» SUPPLIED DATA:

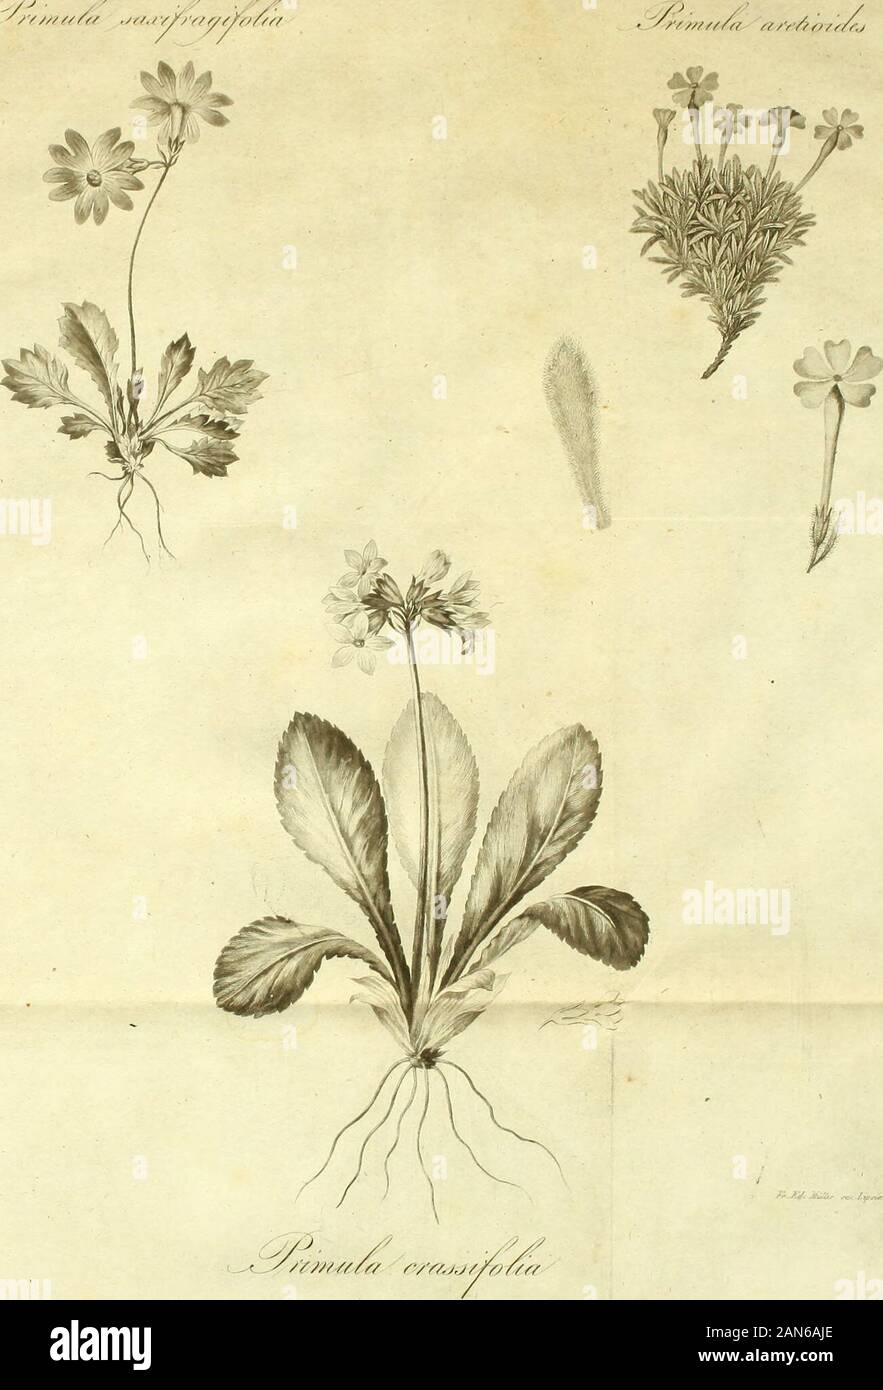 Monographia generis primvlarvmCum tabulis aeneis IX . I /?r&mit/a /////////,/./. /,W,/Y INDEX SPECIERU M. Primula acaulis. Jacq. — algicla. Adam. — Allionii. Loiseleur* — altaica. — amoena. Bieeerst.»— arctioides. — auricula. Linn. — auricula. VilL. — auriculatat LaM. — Balbisii. — calycanlha. Retz^ — carniolica. Jacq. — ciliata. Sciibank:. — Columnac. Tenore. — Cortusoules. Linn. — crassifolia. — crenata. Lam. &gt;— clavurica. Spheng. — dentijiora. AndkeW. — egalliccen?i-s. — elatior. Jacq. — exaliata. ?—» farinosa. Linn. — fuimarchica. JacQ. No. V. XXIX. XXXVIII. XXI. IX. XLII. X. XIV. XVI. Stock Photo
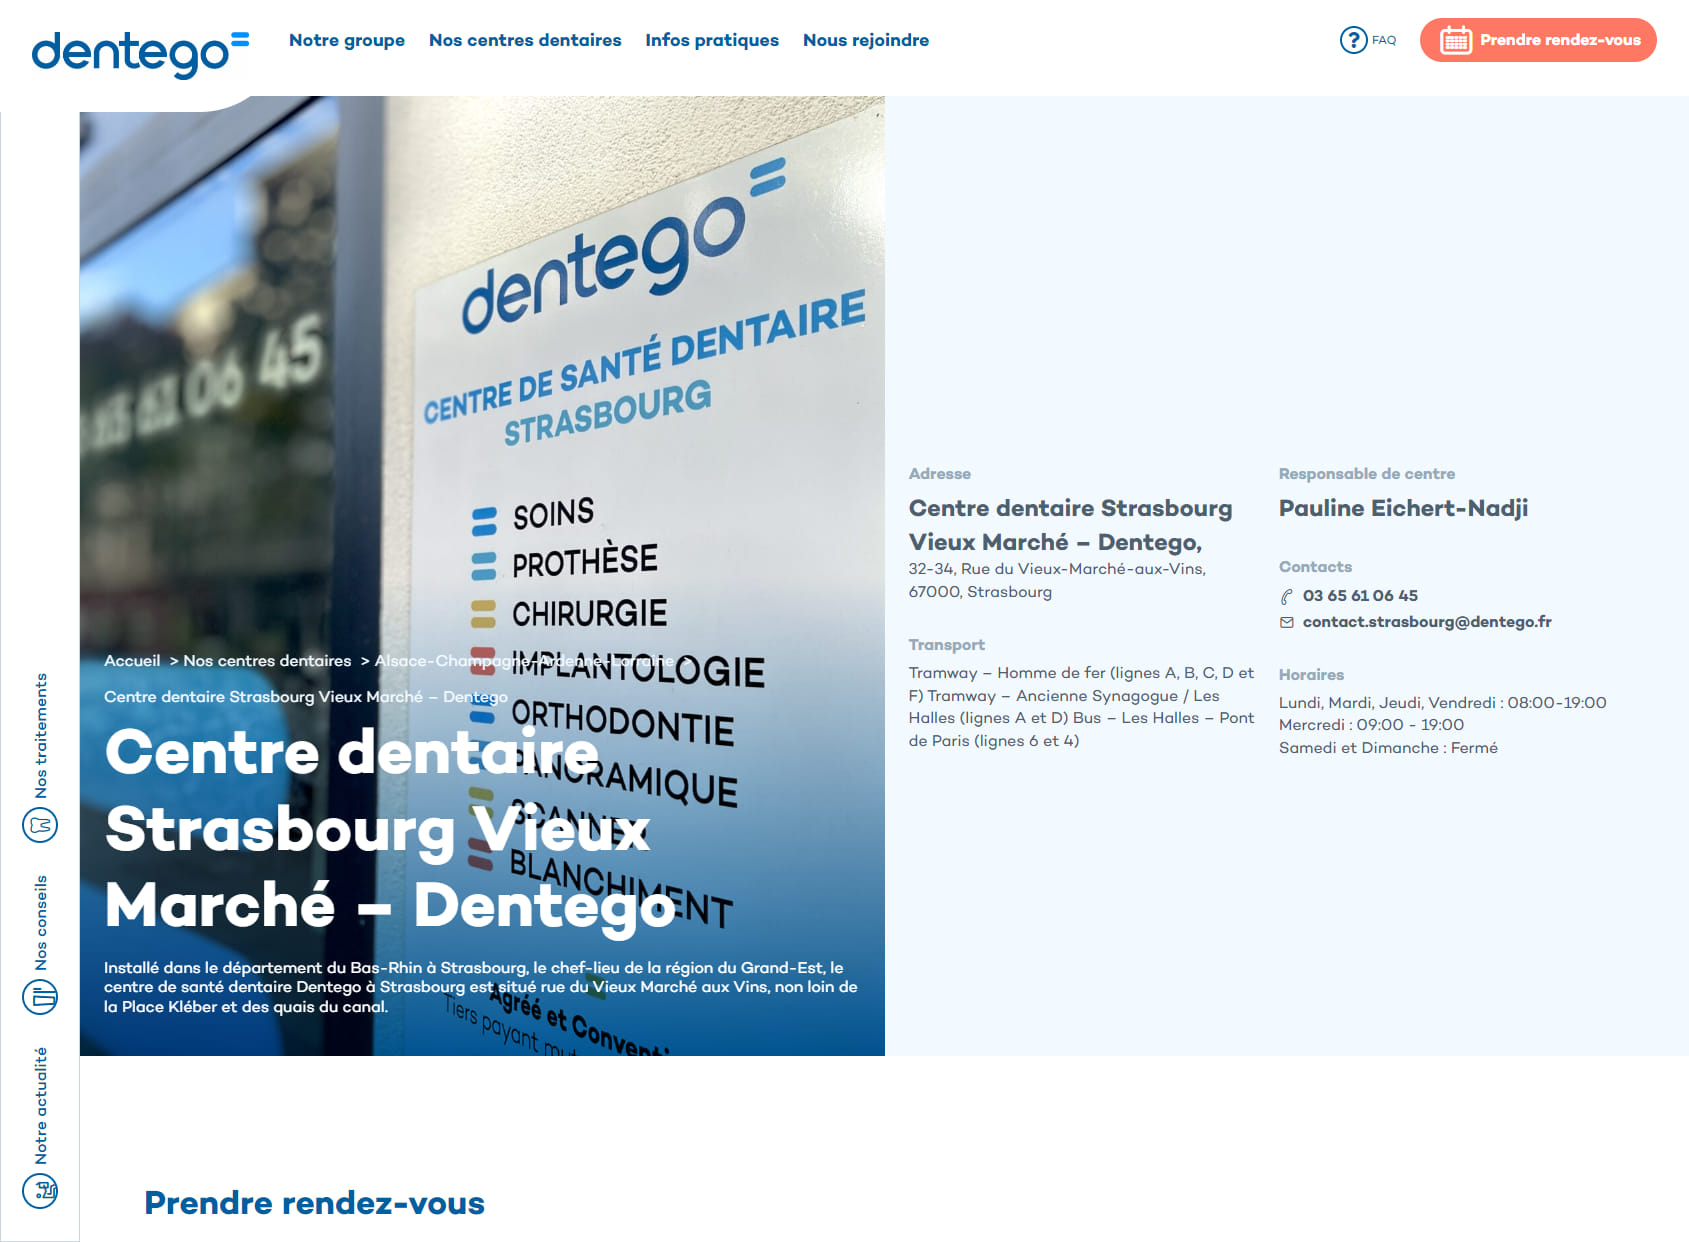 Centre dentaire Strasbourg Vieux Marché - Dentego
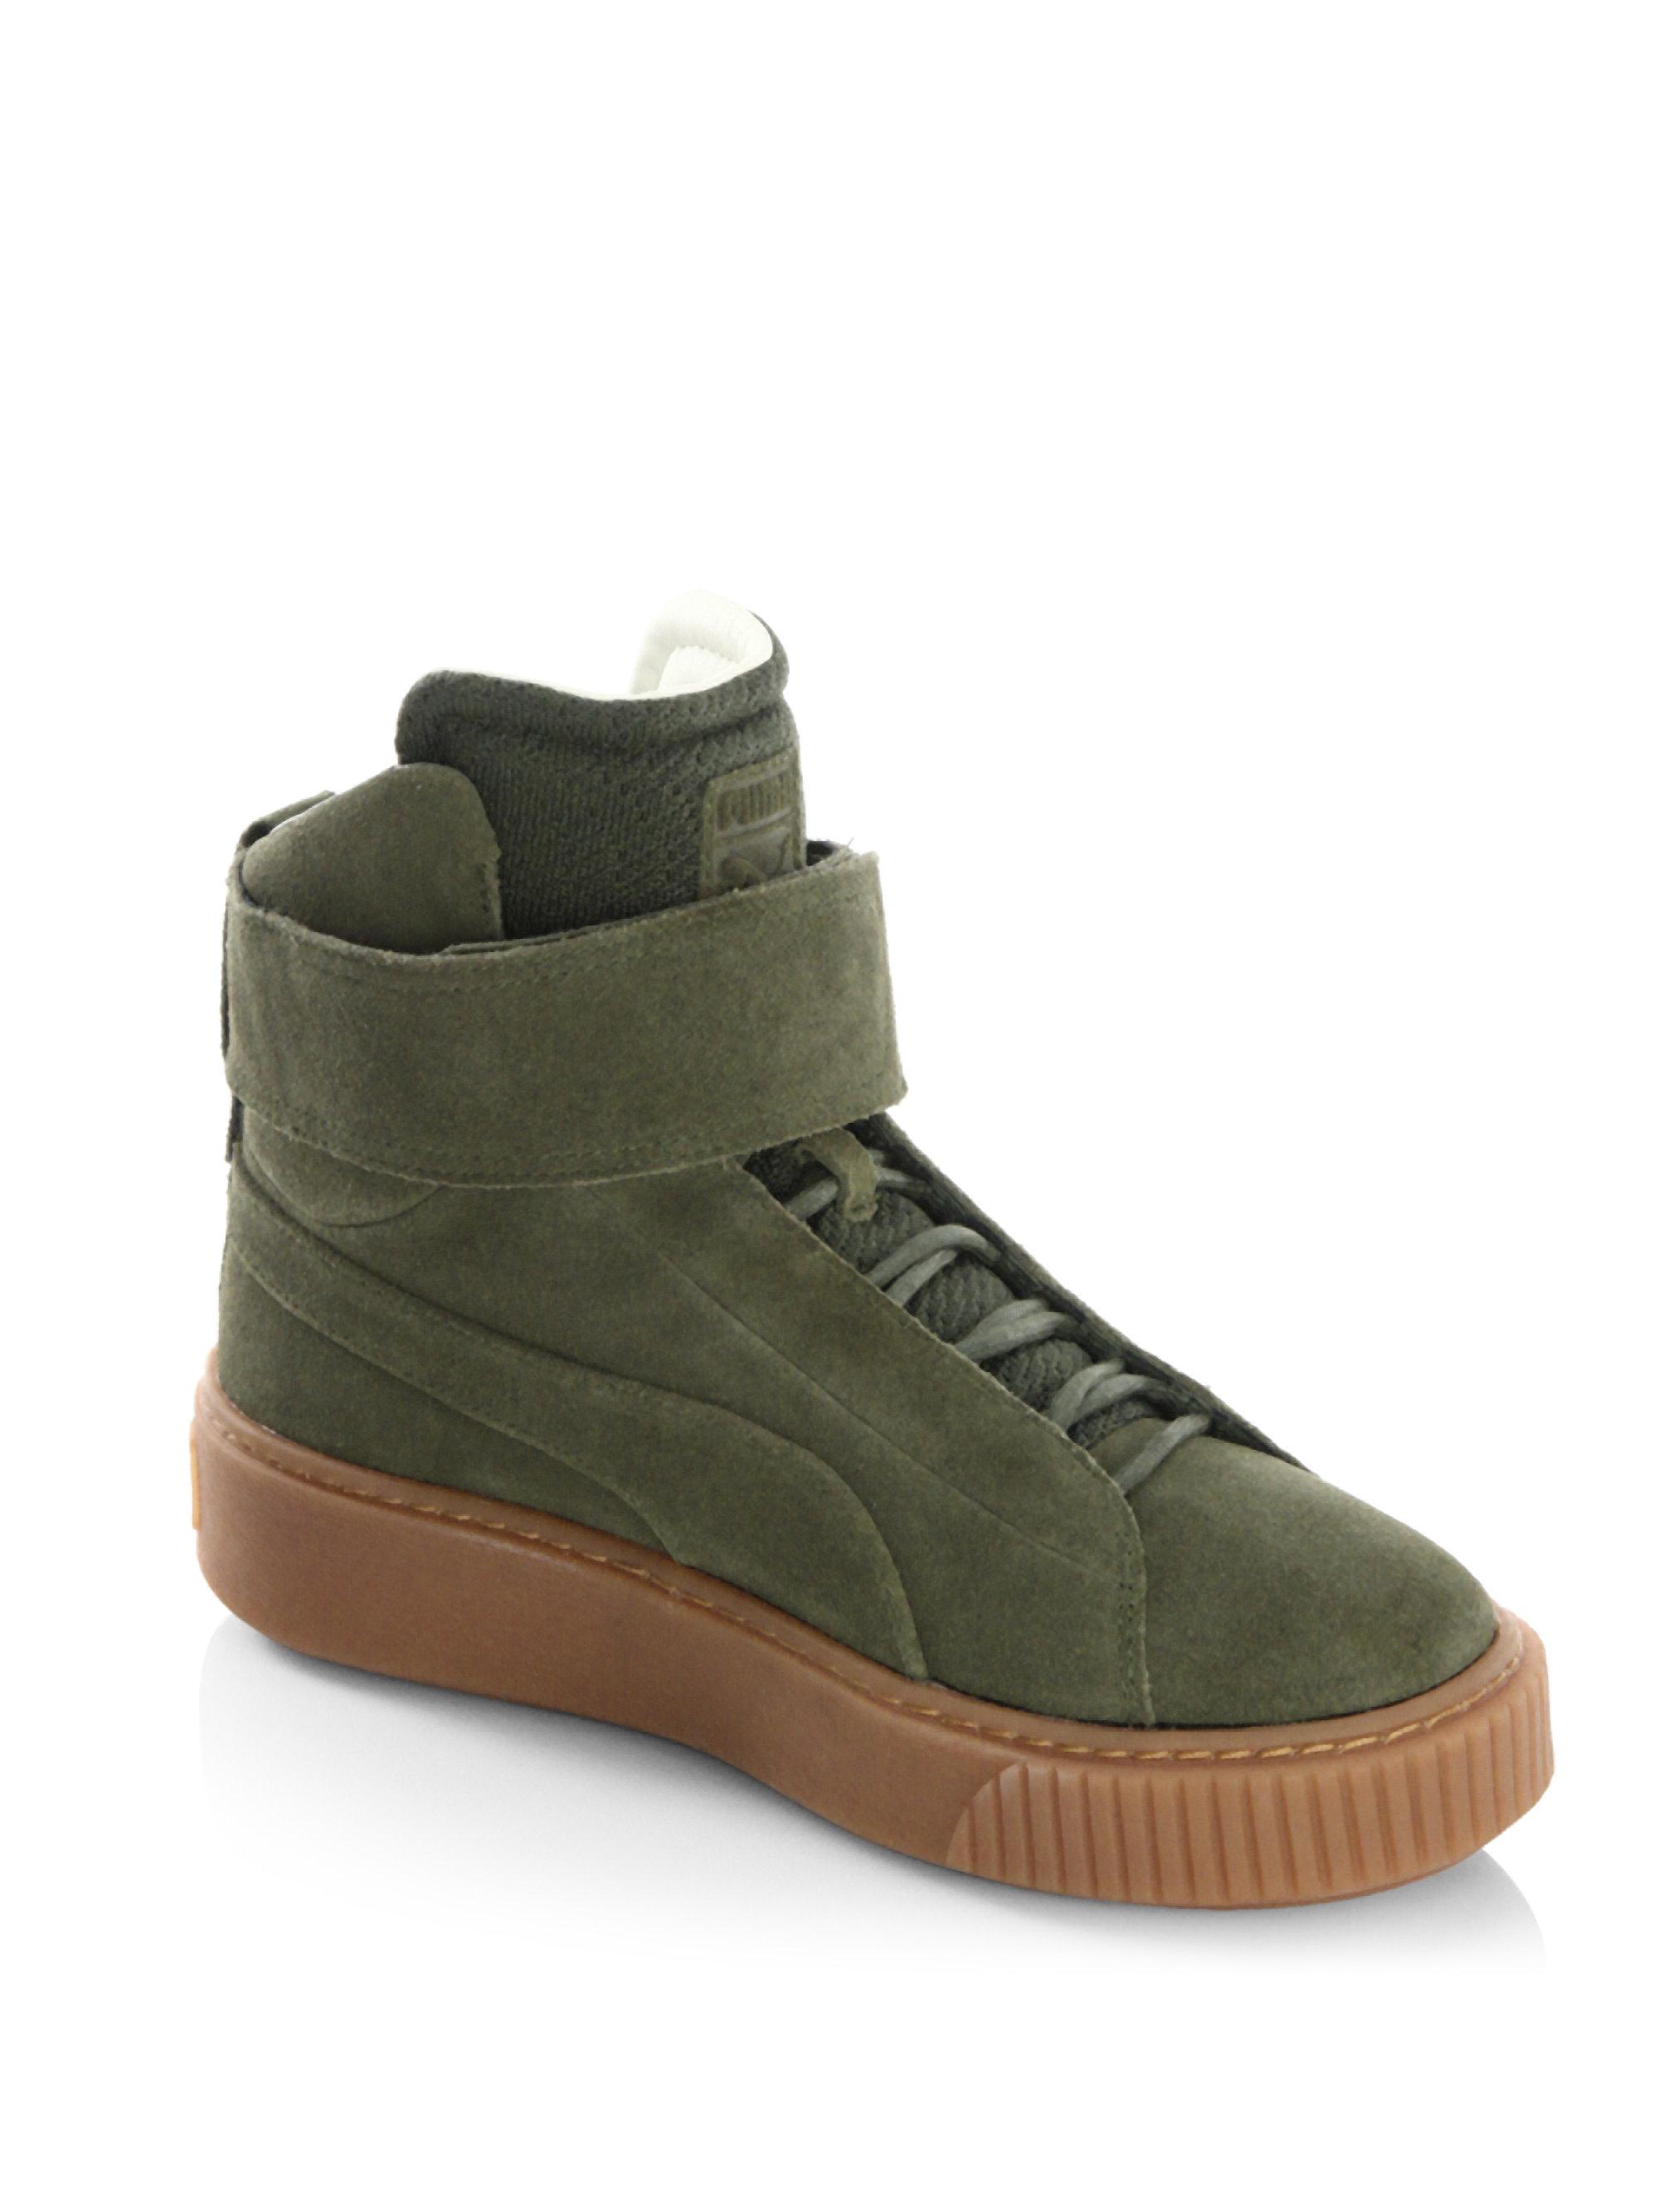 puma green suede sneakers
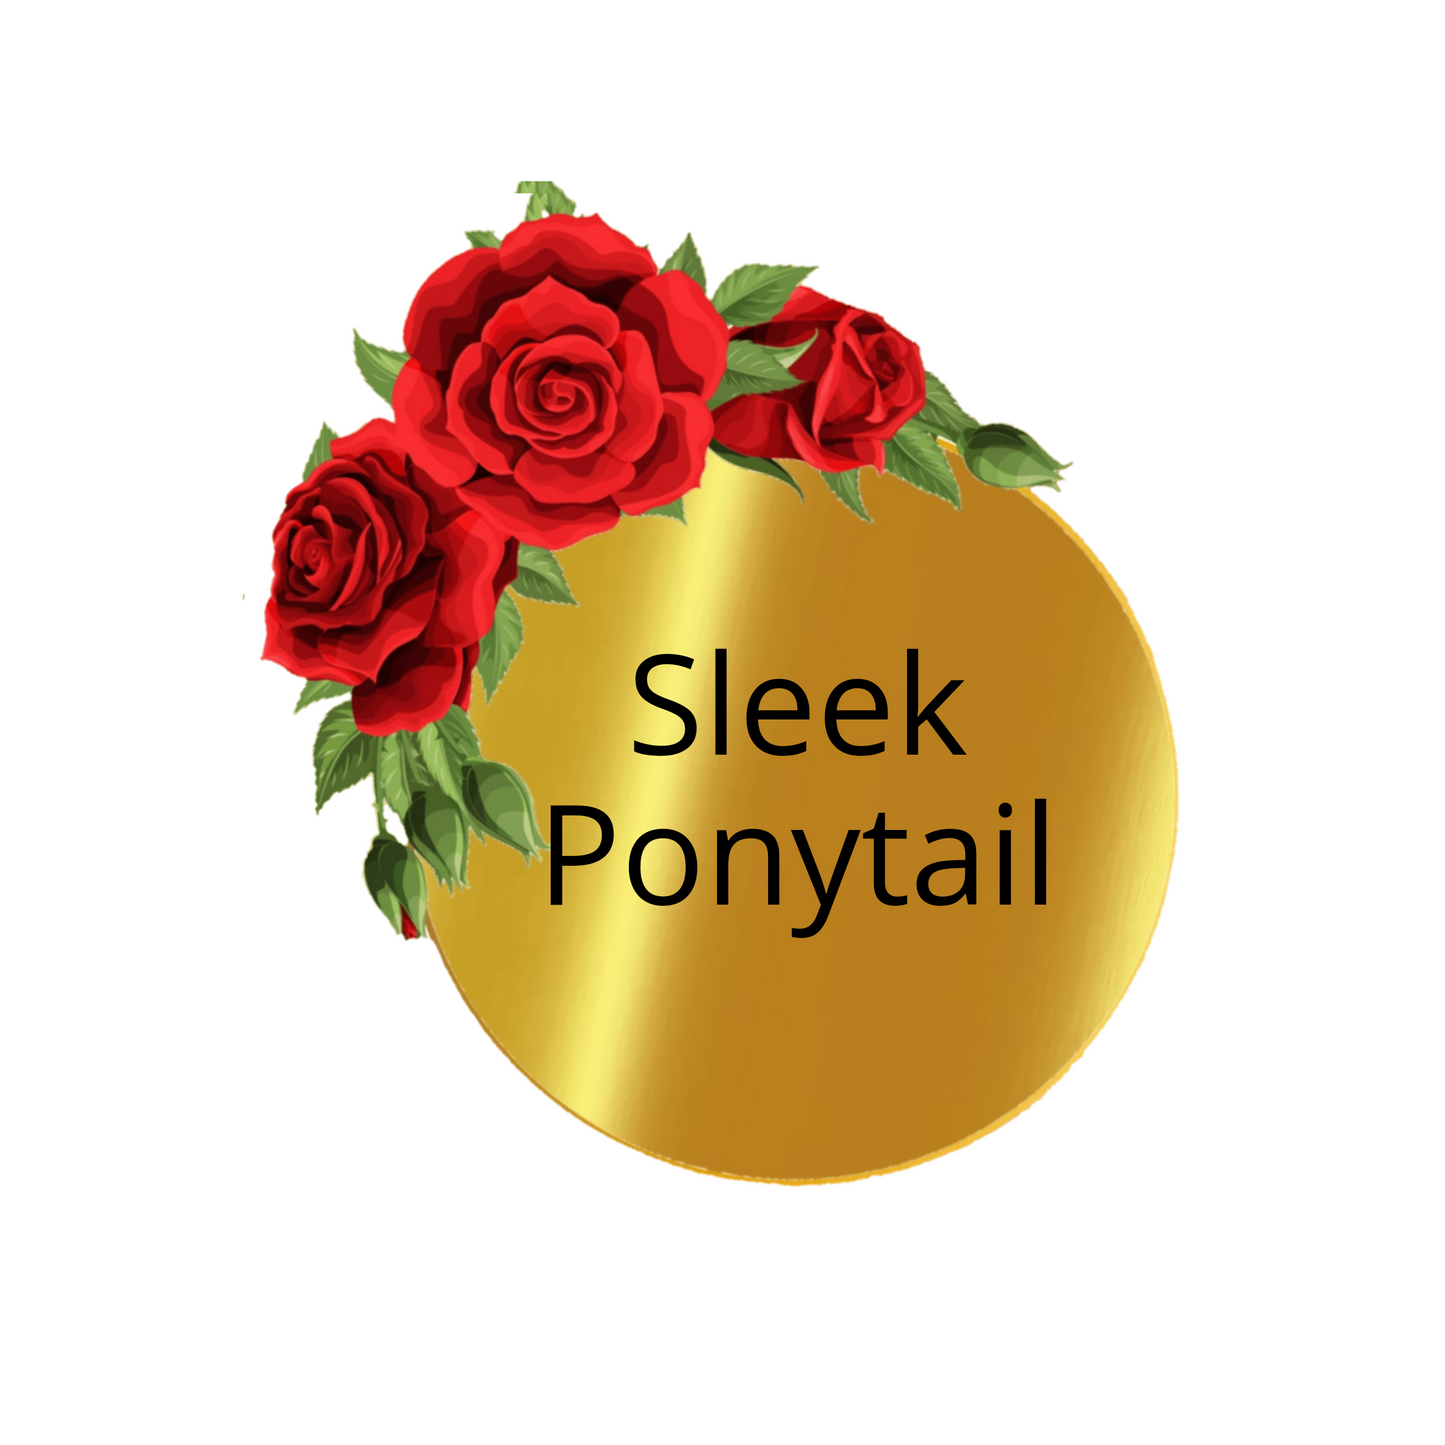 Sleek Ponytail (Relaxed Hair)

» WHAT IS NEEDED:
Repeat the line containing "puma green suede sneakers" and every line after it up to the end of the material above, exactly as they stand, minus the pictures.

» FINISHED TASK:
 puma green suede sneakers
 Sleek Ponytail (Relaxed Hair)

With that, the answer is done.